BBVA to Offer Bitcoin and Ethereum Trading After Spanish Regulator’s Approval

  • BBVA has launched a crypto trading service in Spain.
  • The service will allow customers to buy, sell, and manage Bitcoin and Ethereum through its app.

Spanish bank BBVA has received the green light from Spain’s securities regulator to allow its customers to trade in Bitcoin and Ether. This will help the bank consolidate its presence in the digital asset market and boost the trend of increasing cryptocurrency usage in Europe.

The service will be rolled out in the coming months and will allow clients to invest, trade, and transfer both Bitcoin and Ether from the bank’s app. The app’s launch will be on a pilot basis for a selected group of clients, and then it will be extended to all the private banking clients from Spain.

BBVA has operations in Switzerland and Türkiye and offers crypto trading and custody. The expansion into Spain is a major step as full implementation of the Markets in Crypto-Assets (MiCA) regulation unfolds across the European Union.

BBVA will utilize cryptographically sealed customer holdings, which makes it different from other players who outsource their custodians. This will alleviate security concerns and improve the software’s functionality for the end user.

While the platform is designed to be easily accessible, it is notable that BBVA will not offer advice regarding investing in digital assets. Customers will be fully responsible for their operations and personal financial choices concerning crypto assets.

The Head of Retail Banking for Spain, Gonzalo Rodríguez, stated that BBVA is interested in making investing in cryptocurrency as easy as using its current mobile banking applications. He said that customers will be provided with a secure and sound financial organisation of a bank.

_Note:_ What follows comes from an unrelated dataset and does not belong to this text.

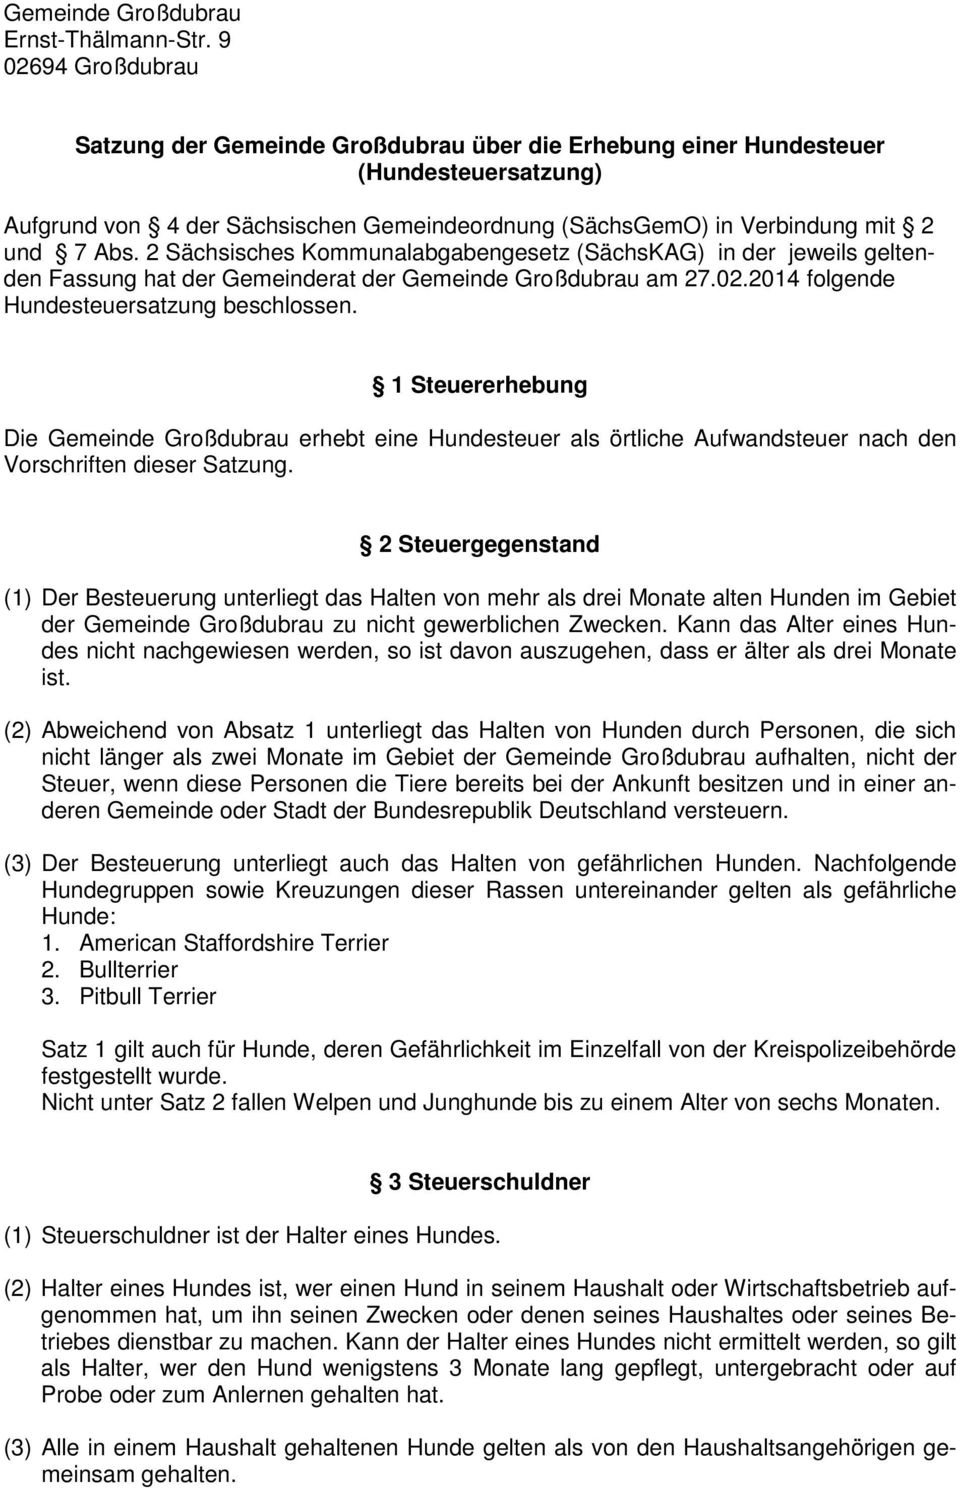 2 Sächsisches Kommunalabgabengesetz (SächsKAG) in der jeweils geltenden Fassung hat der Gemeinderat der Gemeinde Großdubrau am 27.02.2014 folgende Hundesteuersatzung beschlossen.
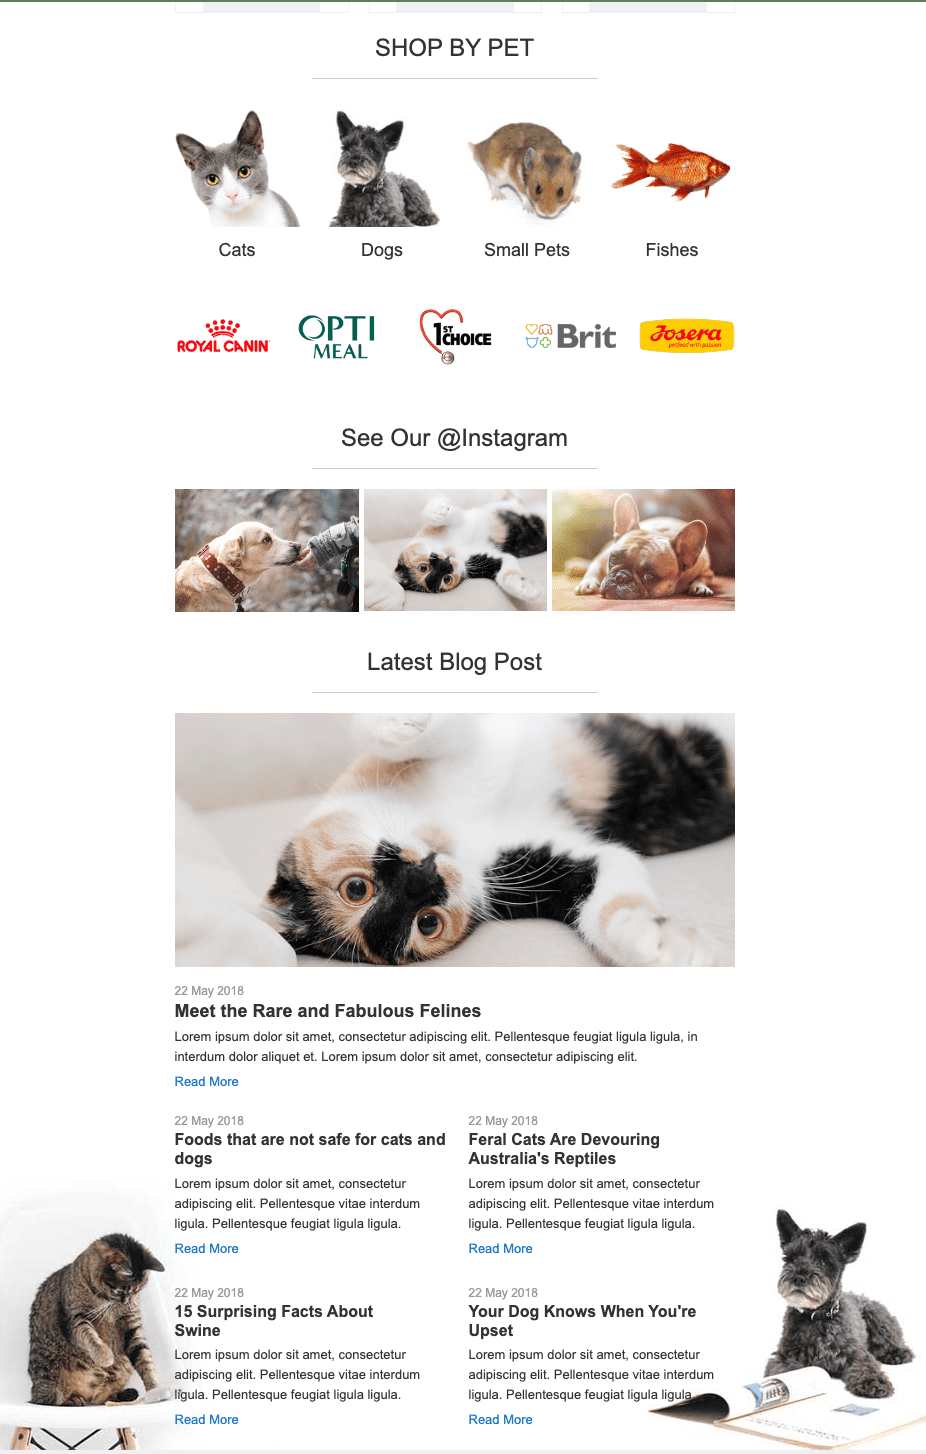 Креативний лист із маркетинговими матеріалами про кошенят та інших тварин

Spain Joins BBVA’s Crypto Expansion

BBVA’s current foray into the crypto domains has spanned through the window of multiple years to receive the necessary approval. First, the bank entered Switzerland because it has a favourable regulatory environment, which is made possible by the  Financial Market Supervisory Authority (FINMA). In January, they expanded their offering in Turkey through a local branch in Türkiye.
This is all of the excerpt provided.